The management team at Ciena is headed by CEO Gary Smith, CFO Jim Moylan, and CTO Steve Alexander. Scott McFeely is SVP Global Products & Services, and Jason Phipps is SVP Global Sales & Marketing.
Ciena’s push into adjacencies including webscale, cable MSO, and data center & large enterprise entail risks. If Ciena is unable to generate sufficient scale in these niches, costs could overwhelm profit potential, dragging down total company margins. Ciena, in our view, has demonstrated impressive execution in adjacent markets, and these now represent opportunities to grow revenue, leverage scale, and accelerate margin expansion.

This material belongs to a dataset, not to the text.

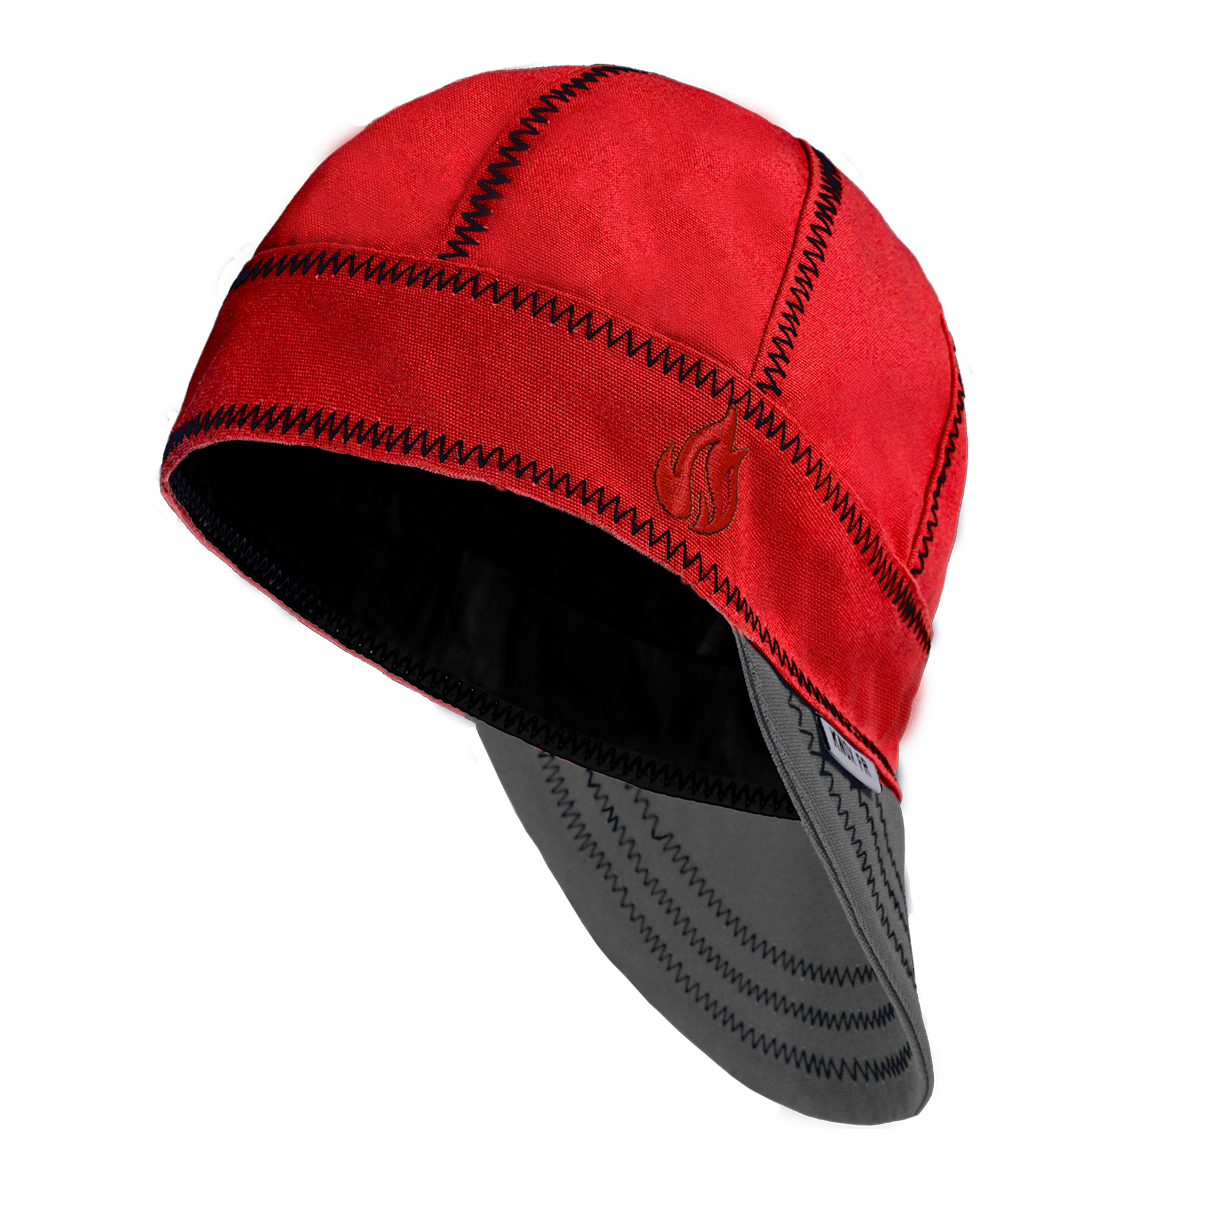 Revco BC5W-BK Welding Cap, Black with Red Flames & Logo

Other risks include a narrow customer focus, reliance on tier-one North American carriers, and an extended period of constrained capital spending at carriers. A further risk stems from the company’s four-pronged development effort, which will cause prolonged non-GAAP losses unless revenues rise meaningfully. These risks are offset by Ciena’s strong technology position, high-quality customer relationships, global market diversity, and expanding customer base both regionally and beyond the carrier space
COMPANY DESCRIPTION


Ciena participates in optical transport and switching, converged optical Ethernet solutions, carrier Ethernet, and global services for its customers. The addition of Nortel MEN in March 2010 more than doubled the revenue base.
VALUATION


CIEN shares appear attractive based on revenue growth and longer-term margin expansion potential.
On December 10, BUY-rated CIEN closed at $46.10, down $1.08.